Core Concepts
BizBench introduces a benchmark to evaluate models' ability to reason about realistic financial problems through quantitative reasoning tasks, focusing on program synthesis and financial domain knowledge.
Abstract
BizBench is a benchmark that evaluates models' abilities to reason about financial problems through quantitative reasoning tasks. It comprises eight tasks that focus on program synthesis, quantity extraction, and domain knowledge in the finance domain. The benchmark aims to improve models' understanding of business and finance concepts by providing challenging tasks that require transparent reasoning processes.
The content discusses the challenges faced by large language models (LLMs) in reasoning about quantities and numbers in business and finance. It introduces BizBench as a solution to evaluate models' performance in this domain. The benchmark includes tasks such as program synthesis, quantity extraction, and domain knowledge evaluation to assess models' financial background knowledge, ability to parse financial documents, and capacity to solve problems with code.

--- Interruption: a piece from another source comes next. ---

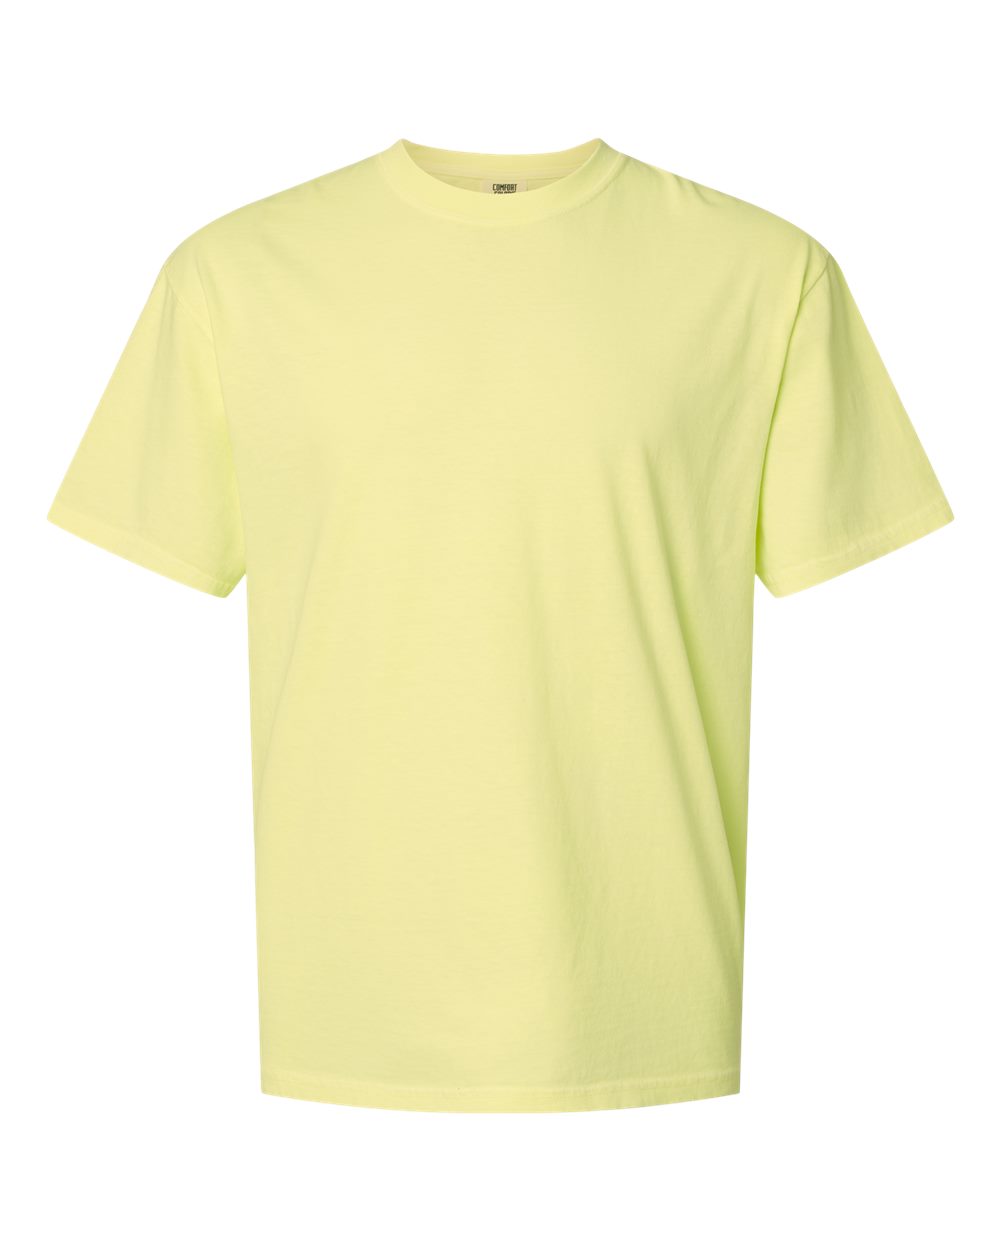 "Build A Tee" Neon - Comfort Colors Blank Short Sleeve T-Shirt

BizBench consists of various tasks like FinCode for code generation from professional exams, SEC-Num for numerical span identification from SEC filings, and FormulaEval for testing knowledge of financial formulas. The evaluation of open-source and commercial LLMs highlights the need for improvement in models' financial understanding for real-world applications.
The study also includes few-shot experiments with state-of-the-art models like Falcon, MPT, StarCoder, Llama-2, Mistral/Mixtral, GPT variants to evaluate their performance on BizBench tasks. The analysis shows that model size, instruction tuning, and code-specific pretraining significantly impact task performance.
Overall, BizBench aims to push the boundaries of quantitative reasoning capabilities in finance by providing a challenging benchmark for evaluating model performance across various tasks related to program synthesis and financial domain knowledge.
Stats
Task Program Synthesis FinCode 121 16 ✓ ✓ ✓
CodeFinQA 844 4,669 ✓ ✓ ✓
CodeTAT-QA 392 2,864 ✓ ✓ ✓
Quantity Extraction ConvFinQA (E) 916 - ✓ ✓
TAT-QA (E) 248 - ✓ ✓
SEC-Num 2,000 6,845 ✓ ✓ ✓
Domain Knowledge FinKnow 877 - ✓
FormulaEval 50 - ✓ ✓ ✓
Quotes
"Large language models show strong performance on question-answering but struggle with reasoning about quantities."
"BizBench focuses on evaluating financial quantitative reasoning through program synthesis tasks."